На мою долю тоже достались два неблаговонных щетинистых поцелуя.
— Скорей! Скорей! — подгоняла Соня шофера.
Мы промчались мимо завода, Соня вскрикивала от радости, разглядев в свете фар кого-нибудь знакомого. Она едва не выпрыгнула на ходу, увидев Филипа, который, заложив руки за спину, топтался у ворот, поджидая нас. На лестнице блеснула лысина Невидимого. Я думал, Соня и ему бросится на шею.
Хочешь — не хочешь, а первым долгом пришлось показаться тетке, но Соня даже не присела в ее комнате, да и сам Хайн проявлял значительное нетерпение: он не мог дождаться того момента, когда покажет дочери ее новую квартиру. Старуха будто не понимала этого. Она, пожалуй, нарочно затягивала аудиенцию, задавая бесчисленные ненужные вопросы. Она вращала глазами, говорила патетически дрожащим голосом, постукивала своей клюкой. Лампа в ее комнате, как всегда, горела тускло. Словно мы на пути к солнцу сделали привал в каком-то угрюмом, гнетущем краю. Бант на клюке висел мертвой бабочкой.
Наконец нас отпустили.
— Ступай теперь, девонька, погляди на свое гнездышко, — благосклонно изрекла старуха.
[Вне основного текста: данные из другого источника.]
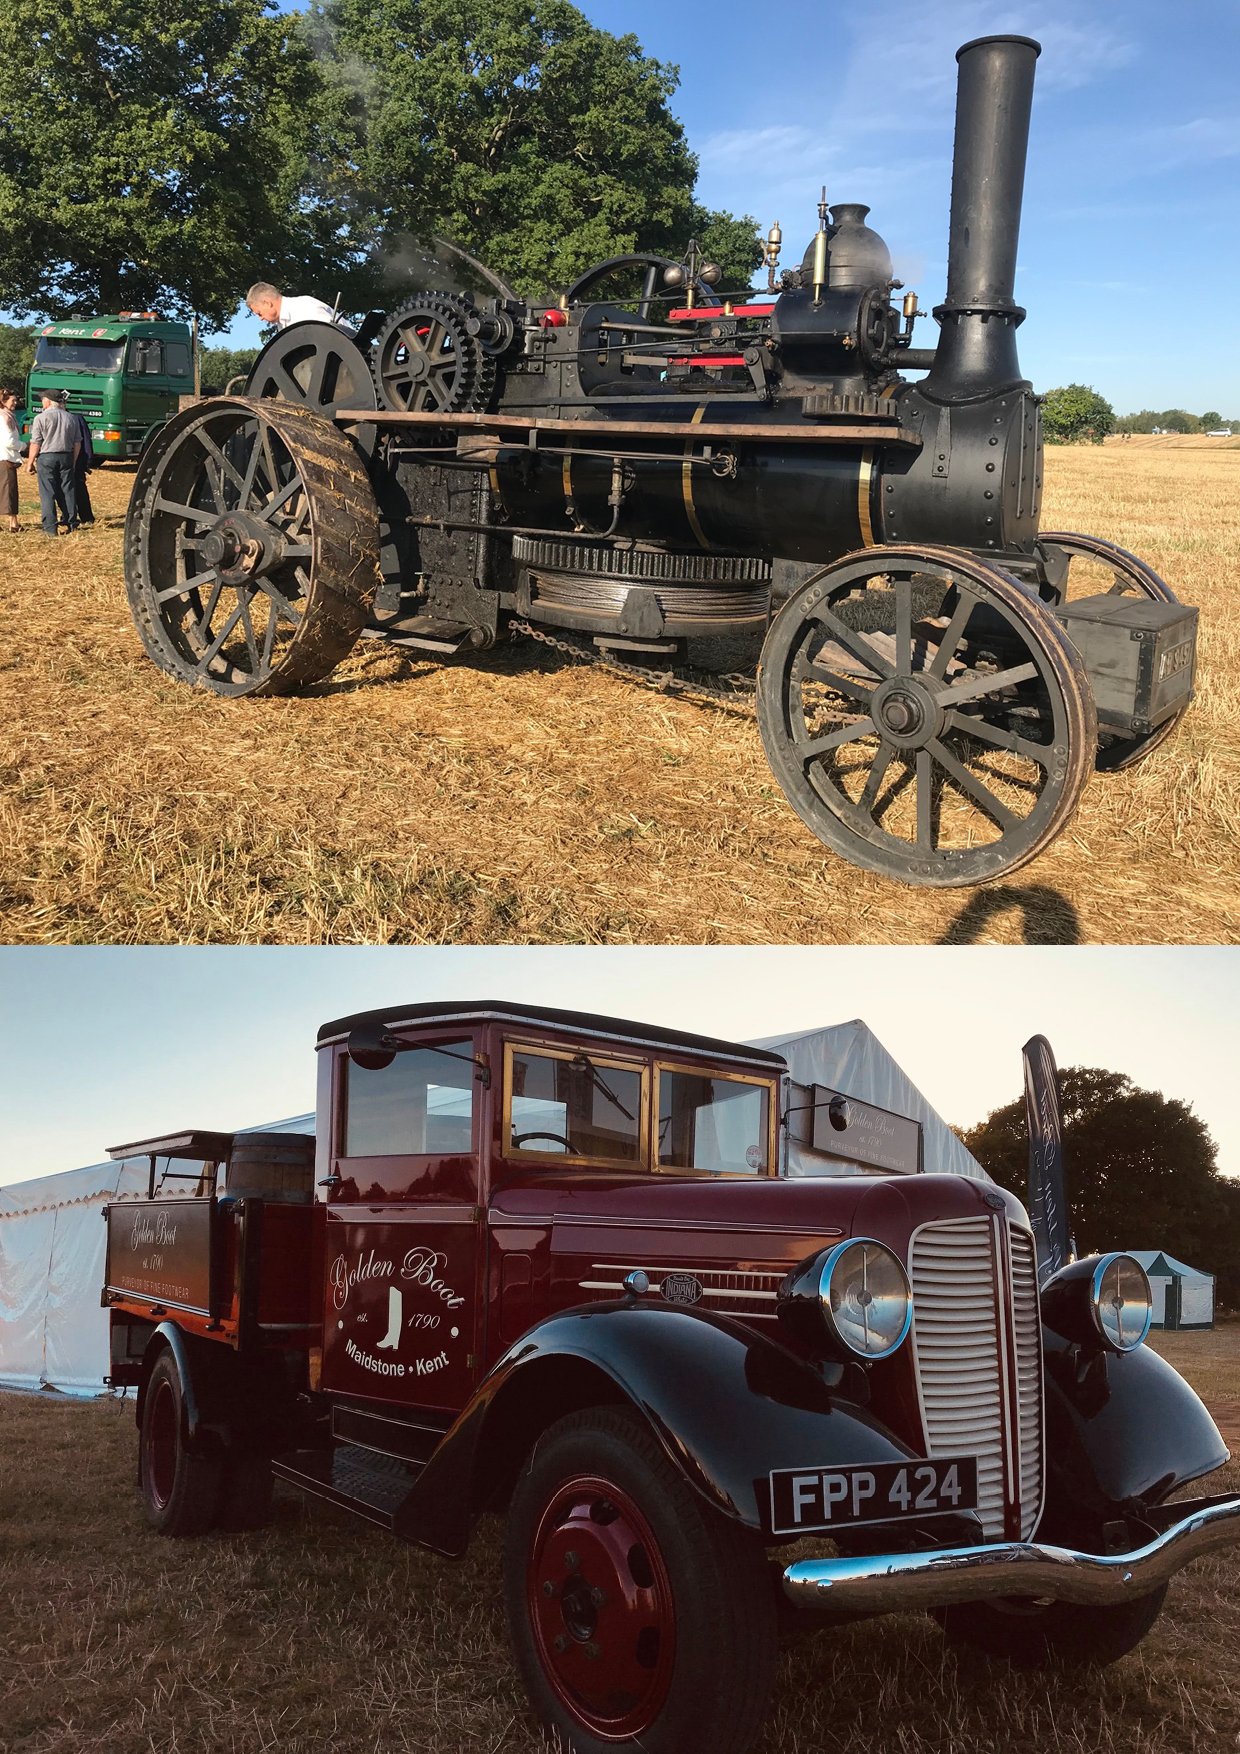 The Weald of Kent Ploughing Match ’19

Поднимаясь по лестнице, Хайн признался, что и он уже начал терять терпение.
— Раз она видела, — а ведь видела же! — как девочке хочется поскорей в новое жилище, зачем было задерживать вас? — И добавил с философской усмешкой: — Видно, старею я. Слишком поддаюсь впечатлениям. Даже питаю какое-то пристрастие к волнующим сценам… Да что ж, хочется видеть вокруг себя побольше радости!
Я думал, что в нашу заново отделанную квартиру Соня влетит стрелой — ничуть не бывало, она остановилась перед дверью, заколебалась. Ей хотелось испытать радость постепенных открытий. И она не знала, с какого помещения эти открытия начать. Наконец решила — с кухни. Самое же прекрасное оставила под конец.
Должен признать, — за время нашего отсутствия здесь сделали, что могли. Отец, видимо, только и думал в эти недели, чем бы пополнить хозяйство дочери. Все так и сверкало, все было на своем месте. Соня переходила от предмета к предмету, и глаза ее наполнялись слезами.
— Но где же Кати? — удивилась она, не видя девушки.
Ей не ответили.
Оказалось, что Кати — разумеется, против ее воли — заставили сыграть глупую комедию. Когда Соня открыла дверь в гостиную, мы увидели Кати — густо покраснев, она стояла посреди комнаты, в белом накрахмаленном фартучке, в белоснежной наколке, с метелкой для сметания пыли в руке.
Я смущенно покашлял, чтоб подавить гнев, поднимающийся к горлу. С меня разом соскочило все то добродушное и снисходительное, переполнявшее меня до этого момента.
Словно кто-то холодными, равнодушными руками стащил с меня праздничные одежды. Рассеялось волшебство доверия, волшебство влюбленности. Я стоял голый, и мне было стыдно.